The figures, provided by the Department for Education in response to our Freedom of Information requests, show a month-by-month breakdown of “advisor” costs, which until now have been buried in its overall expenditure for free schools.

£2.6 billion has been spent on free schools in total, most of which went on the cost of buildings and land.

However, these new figures show £93.2 million has been spent on legal, property and technical advisers – most of whom are private contractors – over the past three years, for advice on buying up potential sites and old buildings.

According to the FoI data, £64.4 million went on “technical advisers”: project managers who secure and oversee building contractors.

Next most expensive were “property advisers”, who oversee due diligence and planning permission for sites, at a cost of £18.2 million.

Ironically, money can be wasted elsewhere on these projects where inflexibility stops the ESFA from being sufficiently reactive to situations

Finally, more than £10.5 million seems to have been spent on lawyers, though new accounting rules, which change the way the DfE counts legal costs, mean the true figure is likely to be even higher.

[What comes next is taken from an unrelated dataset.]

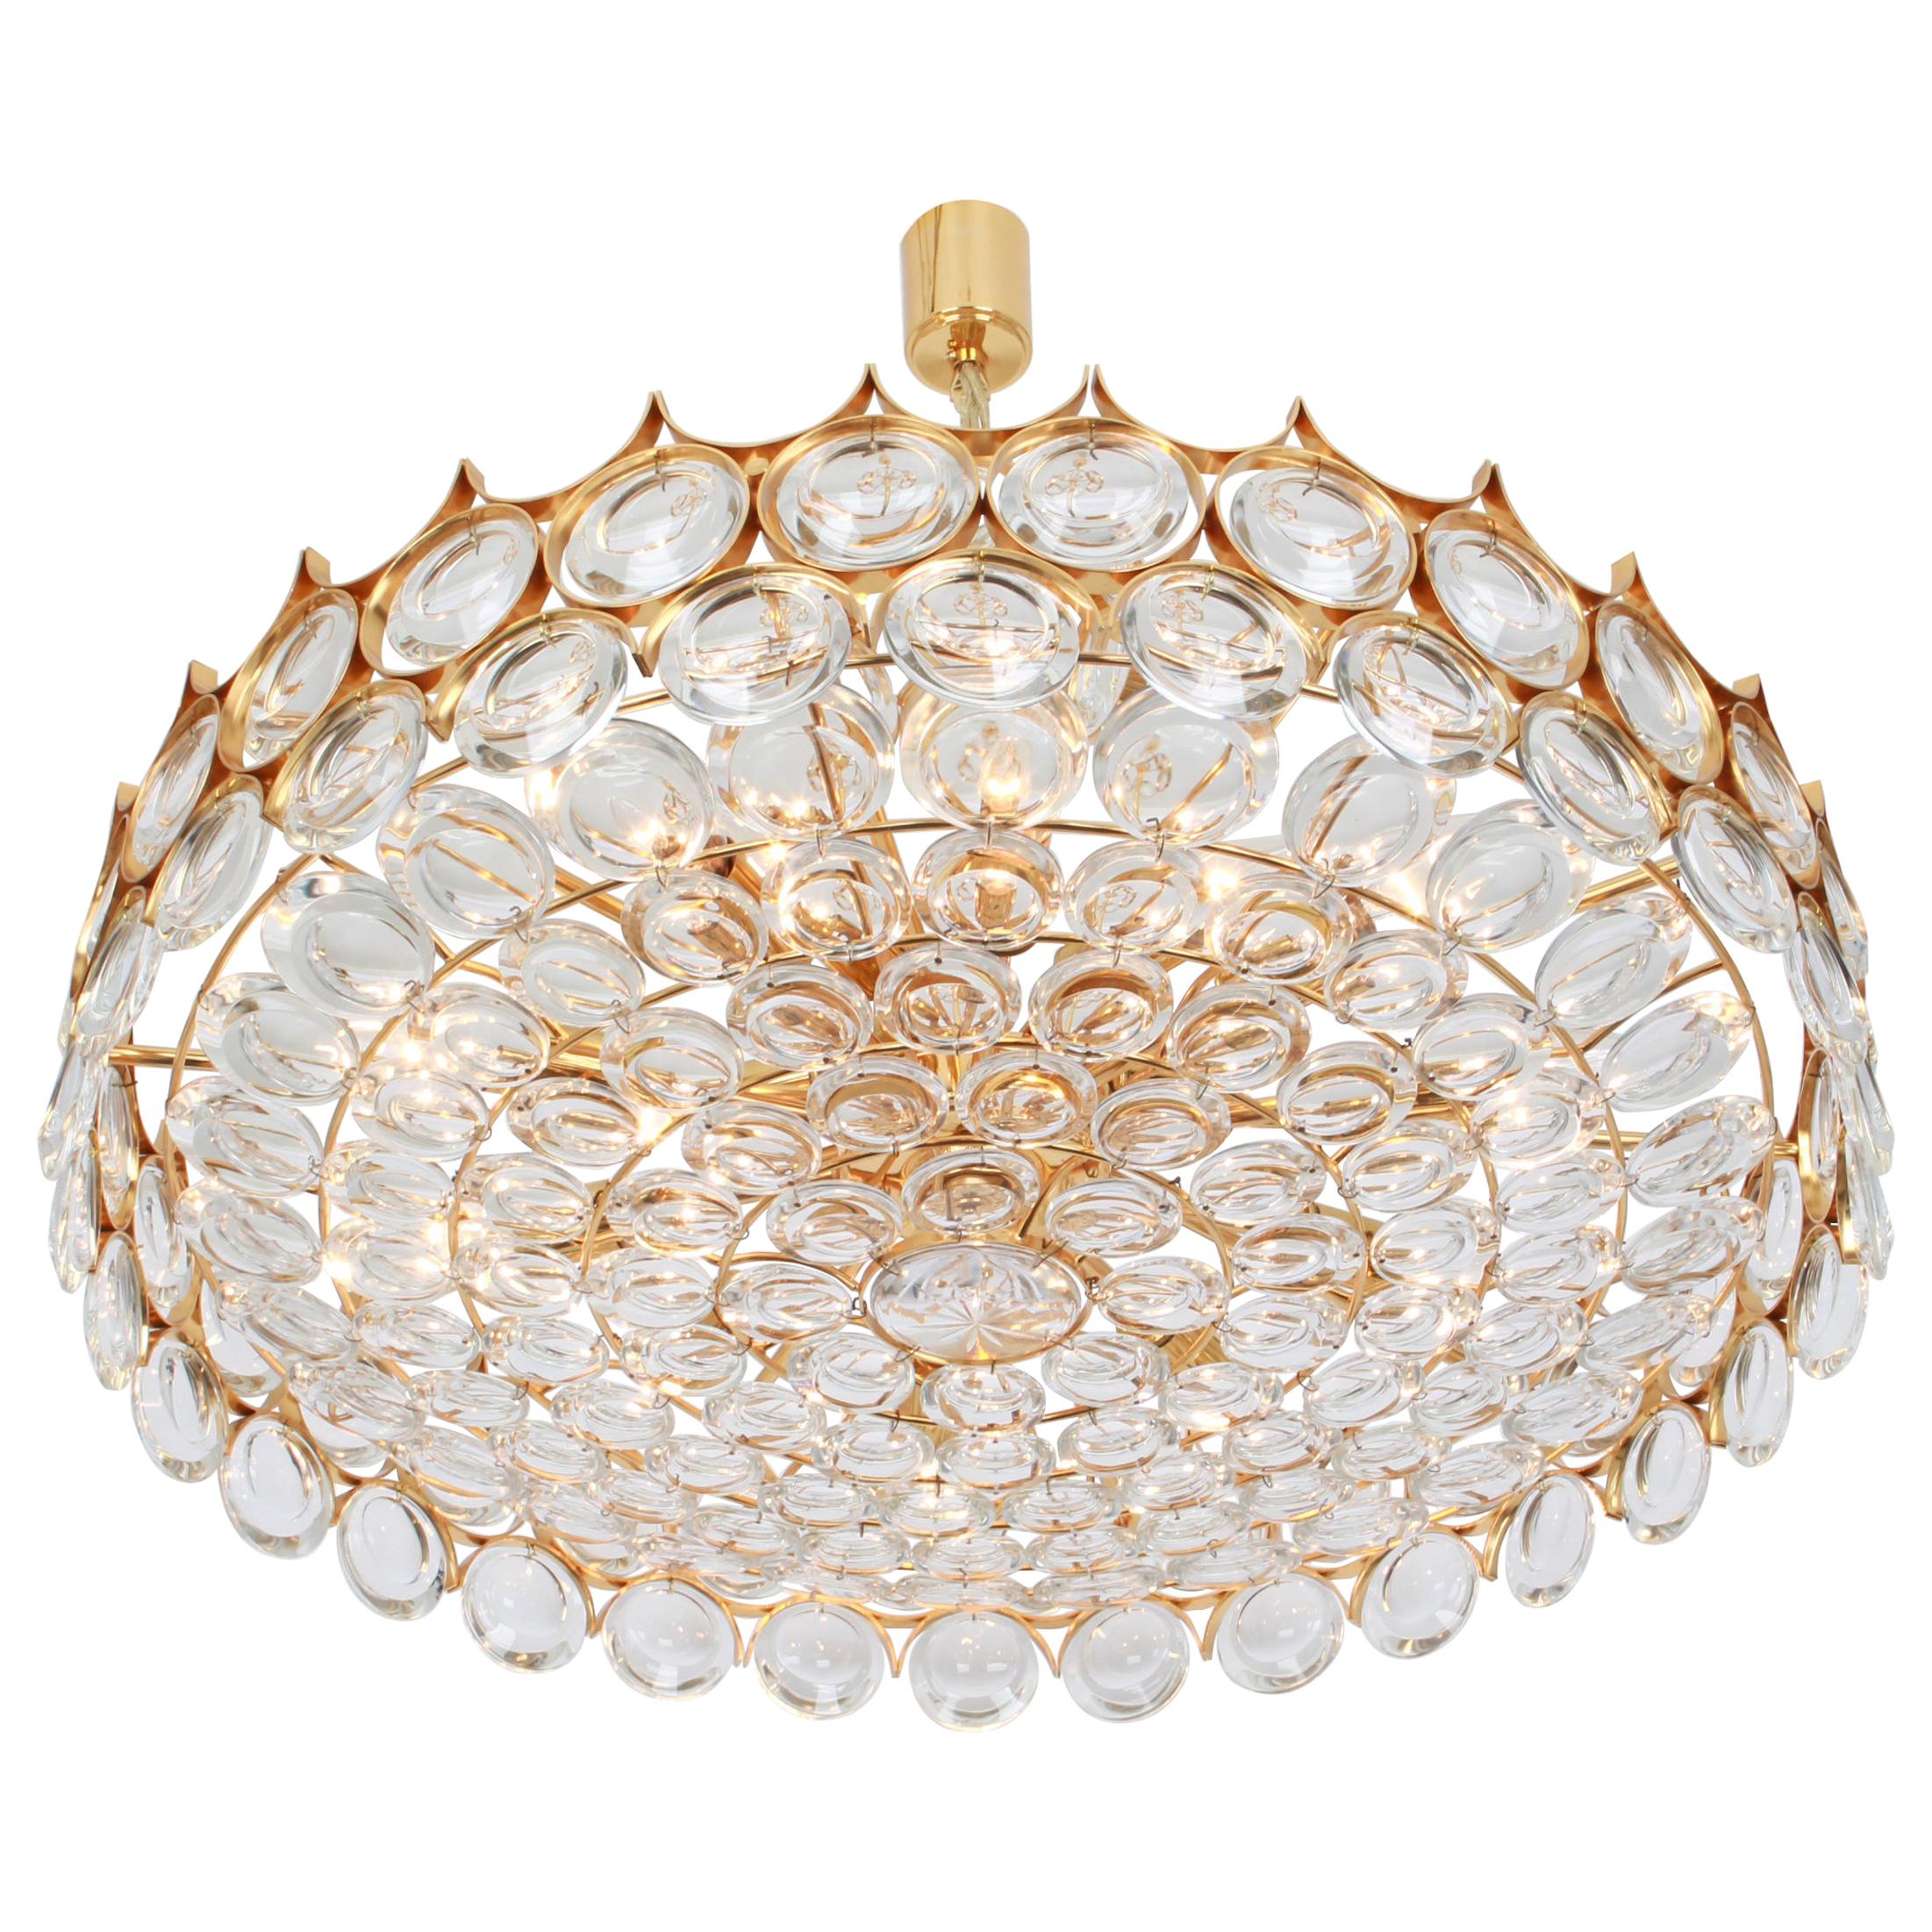 Huge Gilt Brass and Crystal Chandelier, Sciolari Design by Palwa, Germany, 1970s
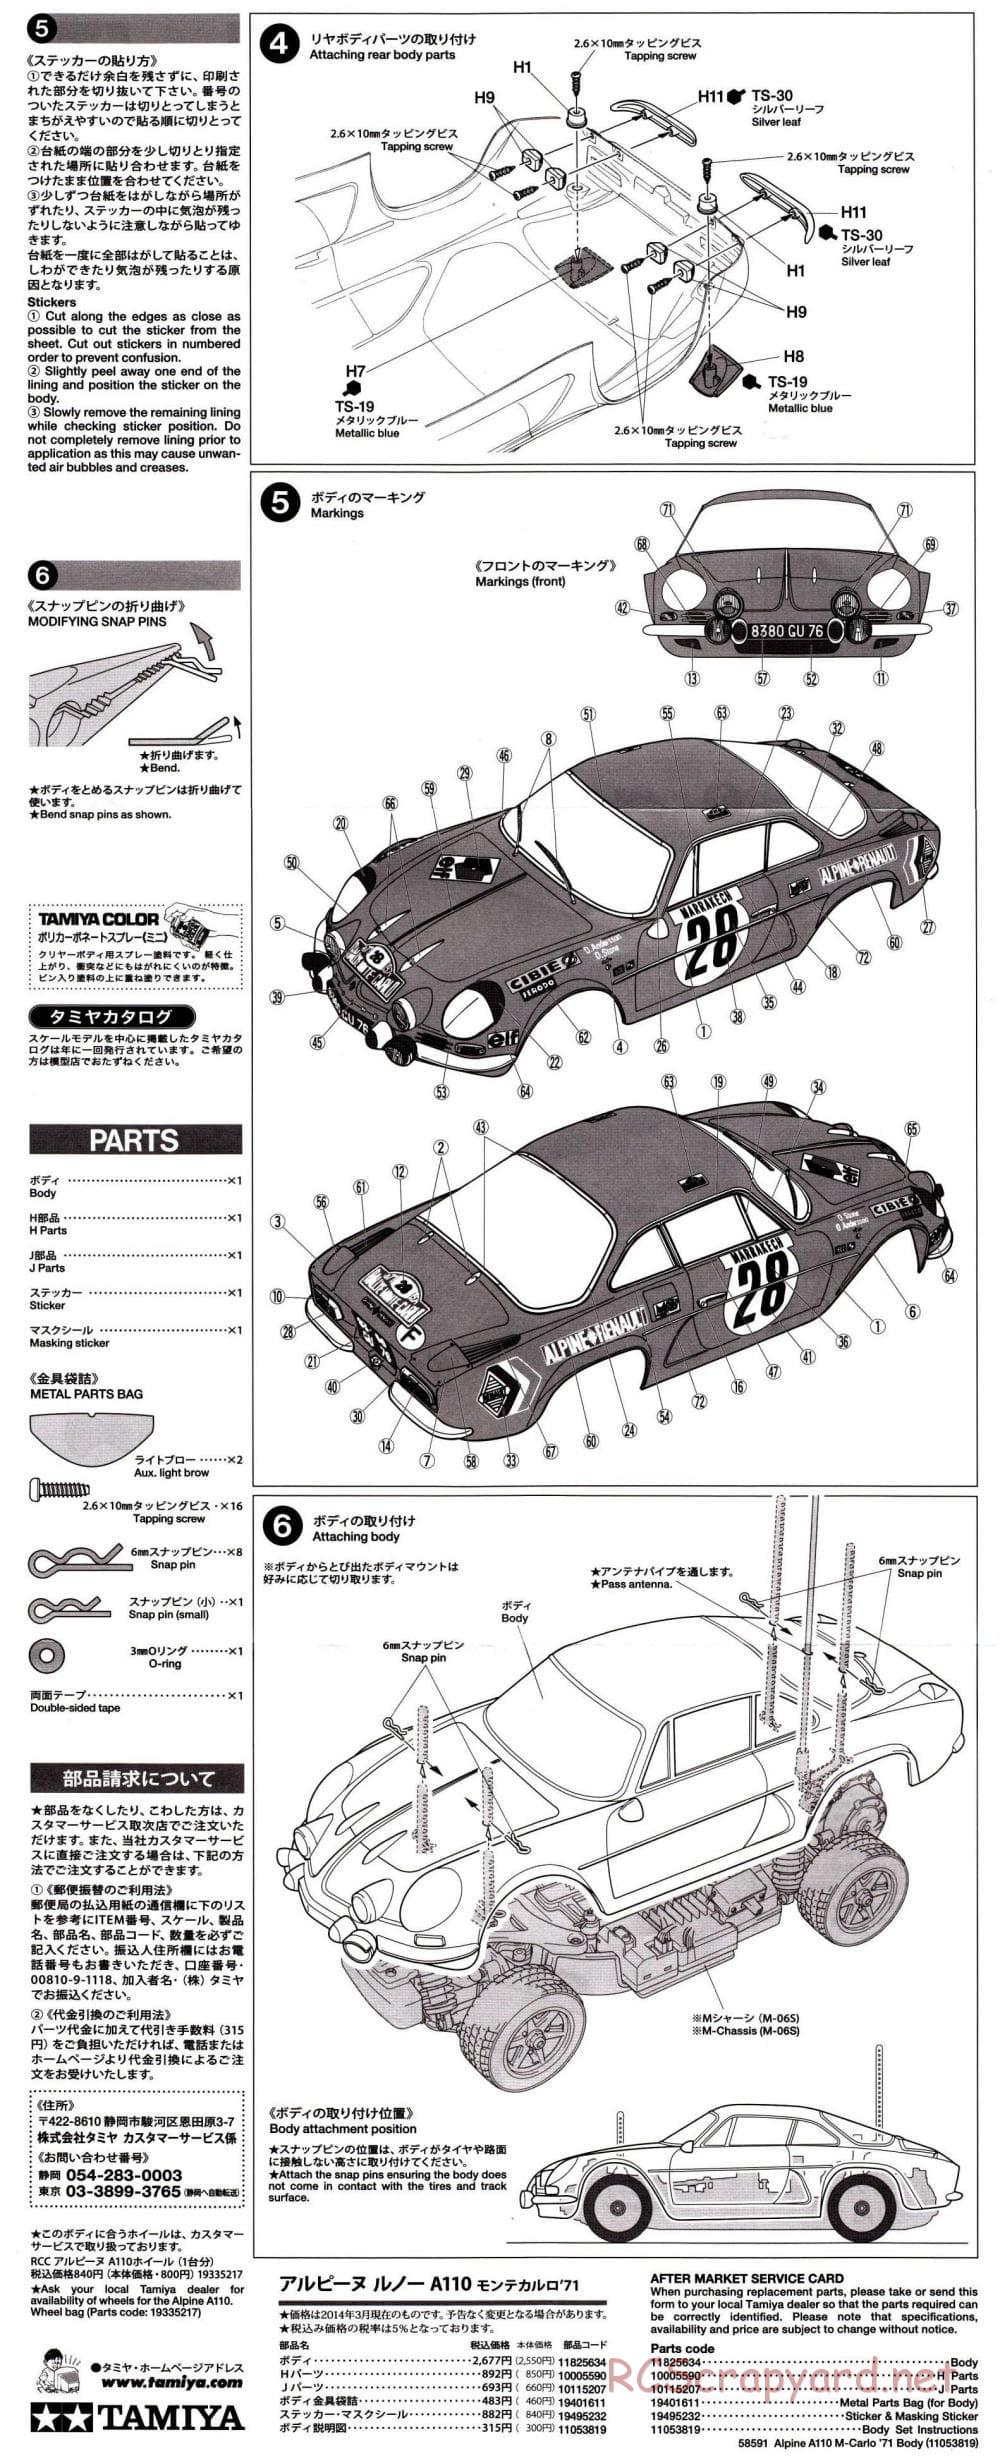 Tamiya - Renault Alpine A110 Monte-Carlo '71 - M-06 Chassis - Body Manual - Page 2

But even though the DfE appears to have spent almost nine figures on external advisers, they could also be driving savings.

Simon Webber, a partner at accountancy firm Kreston Reeves, who has helped set up free schools, said by hiring outside staff as technical and property advisers, the Education and Skills Funding Agency saves on the cost of employing them all year-round, he said.

He also said the ESFA had driven cheaply when tendering for building contracts, so that the offer on the table could be “unrealistically low”.

For example, on one school project, the ESFA had to re-tender three times before it set a price in line with the market and was successful. Although this shows the ESFA’s commitment to getting the best value for public money, by the time a contractor was found, thousands of pounds had been spent on multiple tender processes over two years.

“Ironically, money can be wasted elsewhere on these projects where inflexibility stops the ESFA from being sufficiently reactive to situations,” he said.

Earlier this year the National Audit Office said the lack of expertise at the ESFA was preventing it from driving deals when purchasing sites and buildings – often meaning it paid “above market price” when it needn’t.

The DfE set up its own private property company, LocatED, to hire more experienced staff, in 2016.

At £10 million over three years, the legal costs are relatively lower than for other advisers, but Schools Week was told the figure relates to the ESFA’s own “legal panel” and does not include the fees paid to external commercial lawyers.

Dominic Swift, head of property and chair of education strategy at law firm Browne Jacobson, said the ESFA was advised by a special panel of lawyers who “make sure a proper process is applied” to quotes for building contracts, thereby trying to keep costs down.

Four years ago, legal costs were much higher: publicly available data on free school spending showed costs of up to £30 million per month, but open release of this data stopped in April 2014.

A footnote in an NAO report from 2013 reveals that between 2013 and 2014 a change occurred in the way “contractor costs” were dealt with in accounts.

Previously, legal contractor costs were part of project management costs but from 2014 onwards they were “capitalised and included in capital spending”.

After this time, expenditure on lawyers dropped from upwards of £10 million per month to under £1 million.

Toby Young

Schools Week asked the department to clarify if the costs provided to the paper included all money spent on lawyers, as was requested, or if some legal contractor costs were hidden within the capital costs. The DfE said the costs for legal advice provided to Schools Week are correct.

Toby Young, a champion of free schools and co-founder of the West London Free School, defended advisor costs, saying it would be “impossible” to complete new schools without project managers.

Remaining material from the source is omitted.